Exp Clin Endocrinol Diabetes 2014; 122 - OP4_13
DOI: 10.1055/s-0034-1371988

The hepatokine fetuin-A associates with insulin resistance and induces inflammation but selectively improves cAMP-dependent insulin secretion of human islets

G Kaiser 1, 2, F Gerst 1, 2, N Stefan 1, 2, S Ullrich 1, 2, HU Haering 1, 2
  • 1University of Tuebingen, Department of Internal Medicine IV, Division of Endocrinology, Diabetology, Vascular Medicine, Nephrology and Clinical Chemistry, Tuebingen, Germany
  • 2Institute for Diabetes Research and Metabolic Diseases of the Helmholtz Centre Munich at the University of Tuebingen (IDM), Partner in the German Center for Diabetes Research (DZD), Tuebingen, Germany

Nonalcoholic fatty liver disease leads to an altered secretion of proteins, so called hepatokines. Previously, we found that increased plasma levels of the hepatokine fetuin-A strongly predicts the incidence of type-2 diabetes in humans. Fetuin-A inhibits insulin receptor signaling and augments inflammation. Interestingly, fatty acid-induced activation of TLR4 has been found to depend on fetuin-A. In humans with impaired glucose tolerance, plasma fetuin-A levels negatively correlate with insulin secretion. The present study aims to examine effects of fetuin-A in human islets.
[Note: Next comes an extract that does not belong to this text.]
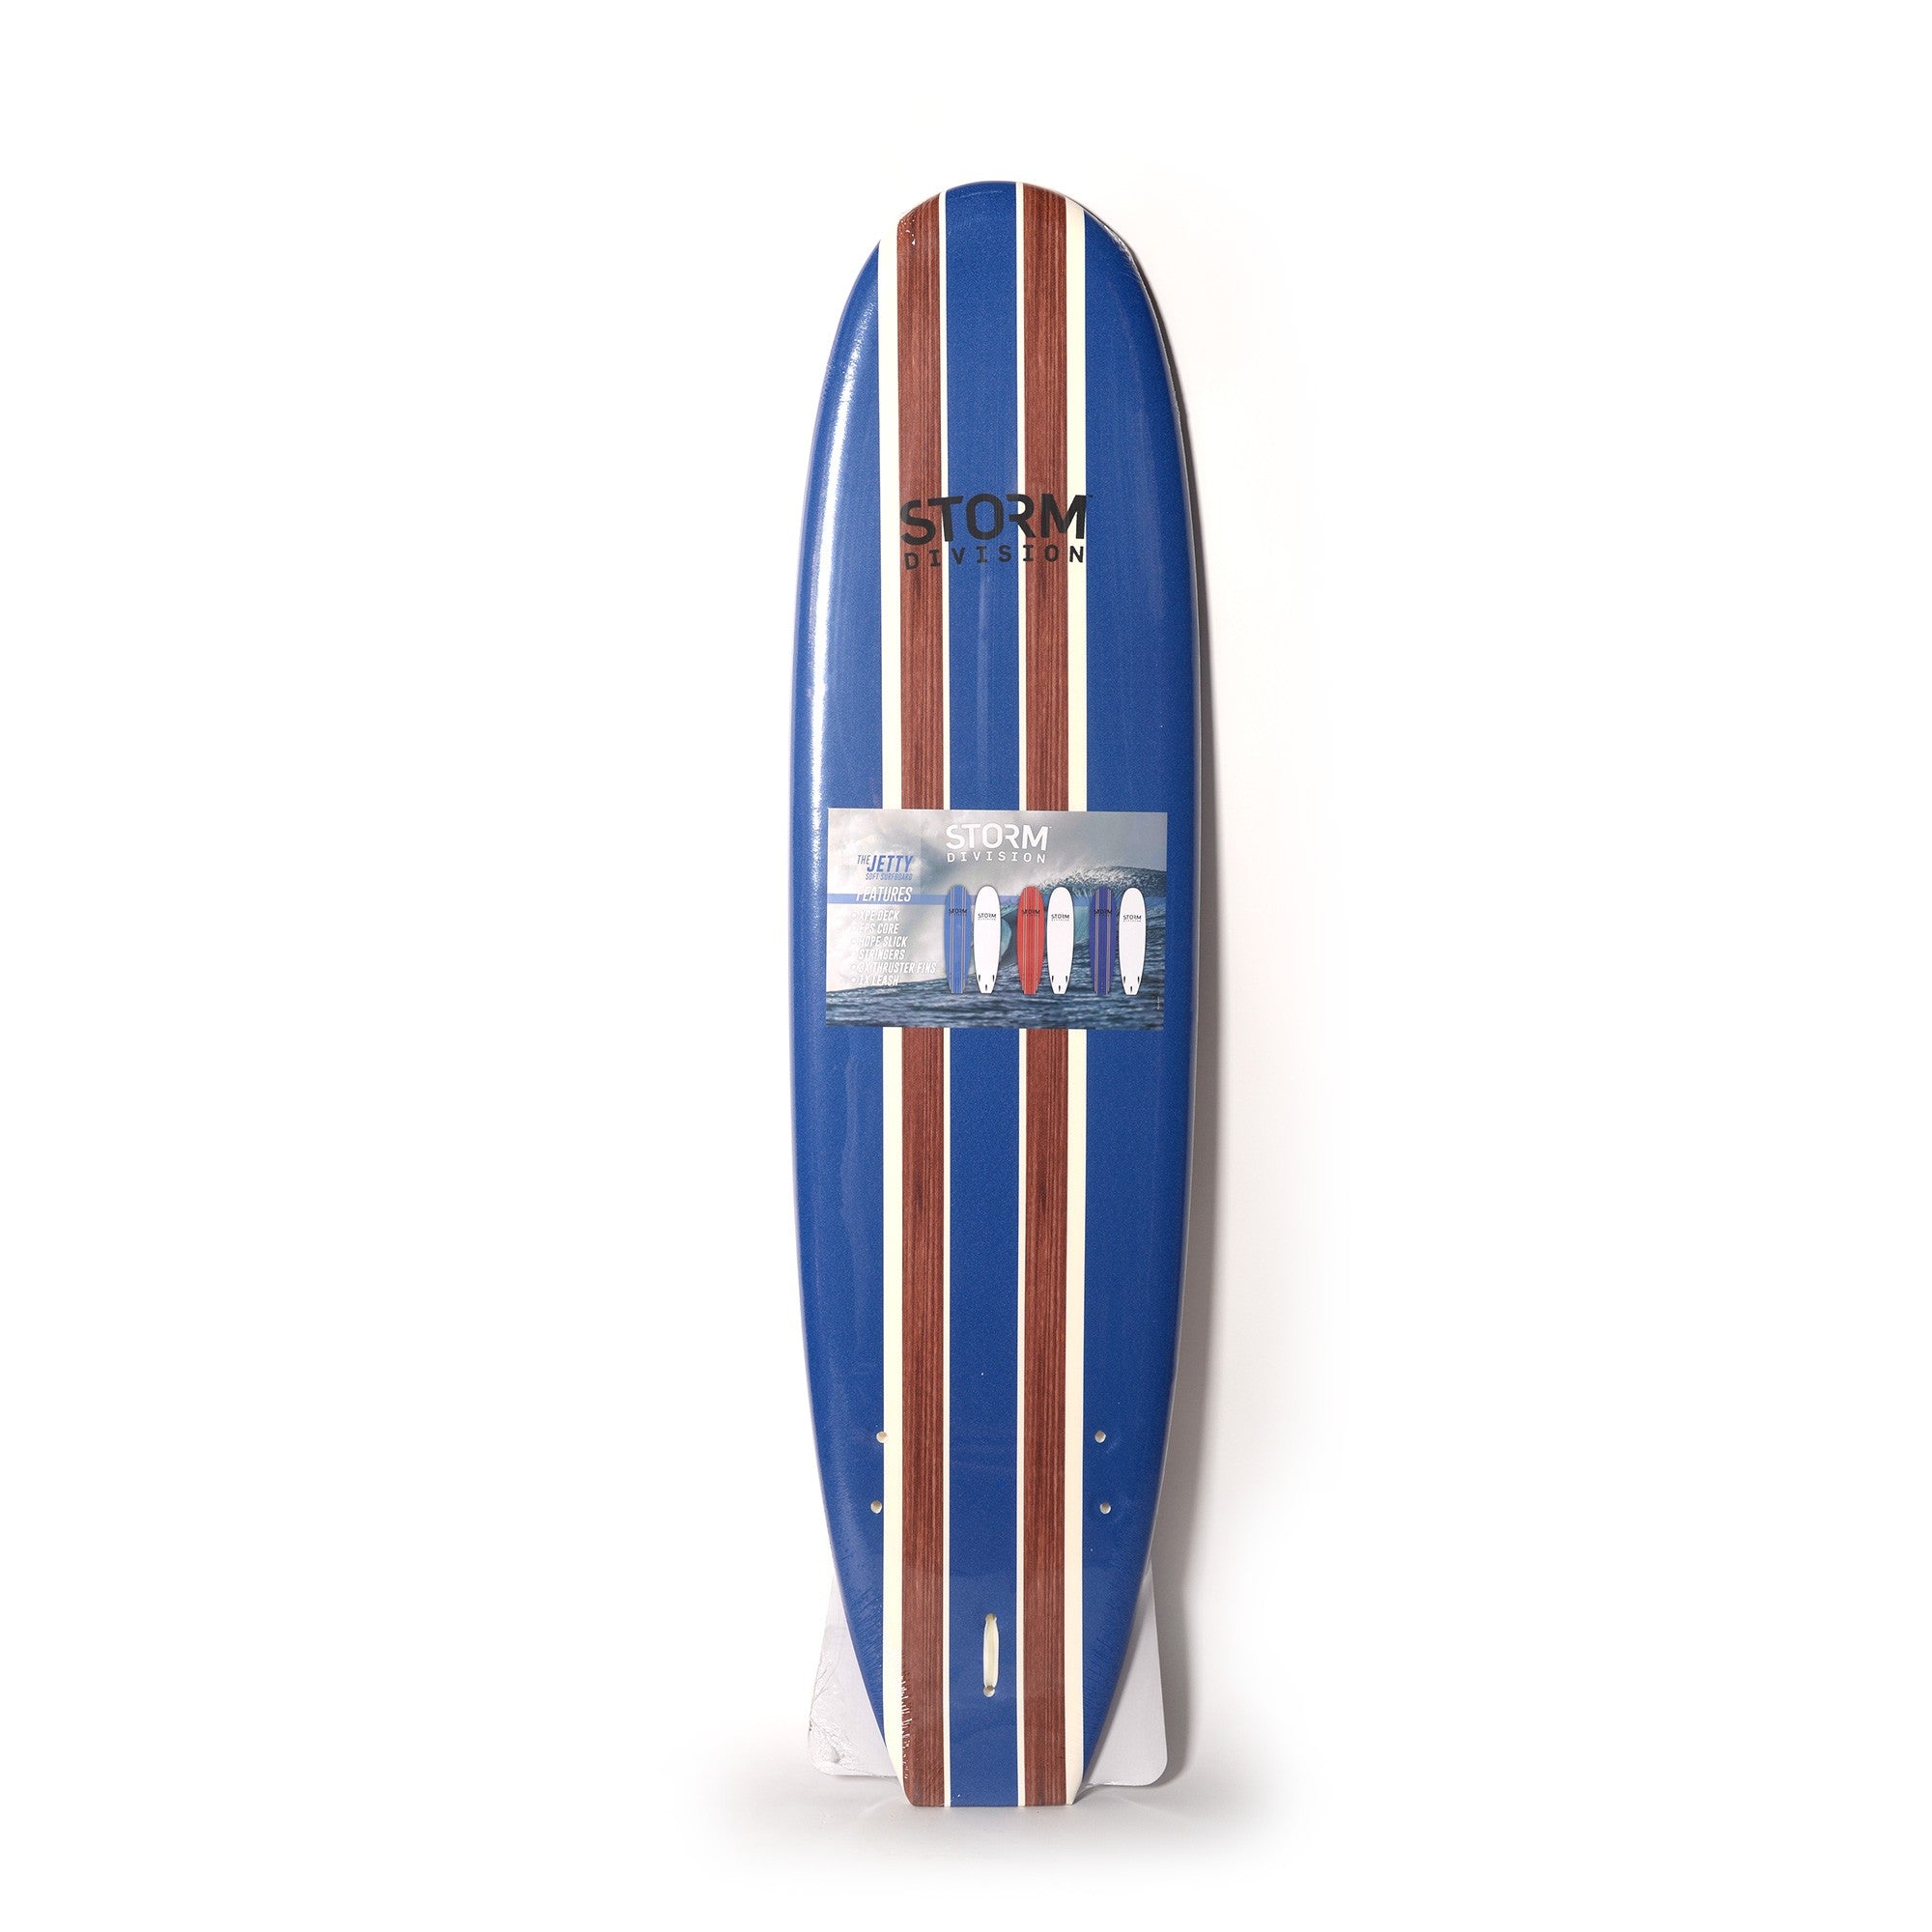 STORM DIVISION - Jetty Softboard - Foam Surfboard - 8'0 - Dark blue

Isolated islets from mouse and human donors received from the European Centers of Islet Transplantation (ECIT) were cultured in CMRL-1066 medium supplemented either with 0.6 mg/ml human fetuin-A or serum albumin as control for 48h. Changes in gene expression were analyzed by microarray and real-time PCR. Apoptotic cell death was estimated by TUNEL staining of isolated islets cells. Insulin secretion was evaluated by radioimmunoassay after static incubation of batches of 10 islets/0.5 ml modified Krebs-Ringer-bicarbonate buffer in the presence of test substances.

Fetuin-A increased 2-fold the production of interleukins, IL33, IL1b, IL24 and IL17RB, in human islets, and decreased the mRNA of CXCL10 and CXCL9 by 74% and 48%, respectively. Fetuin-A did not increase cell death under control culture conditions but reduced palmitic acid-induced apoptosis. Furthermore, glucose-induced insulin secretion and the augmentation by palmitate were not affected by fetuin-A. Most surprisingly, cAMP-induced potentiation of insulin secretion by 10µM forskolin was 4-fold higher in fetuin-A treated than in control islets.

These results suggest that fetuin-A affects the production of interleukins and cytokines in human islets but this effect does not contribute to palmitate-induced beta-cell death. In contrast, fetuin-A improved cAMP-dependent amplification of insulin secretion.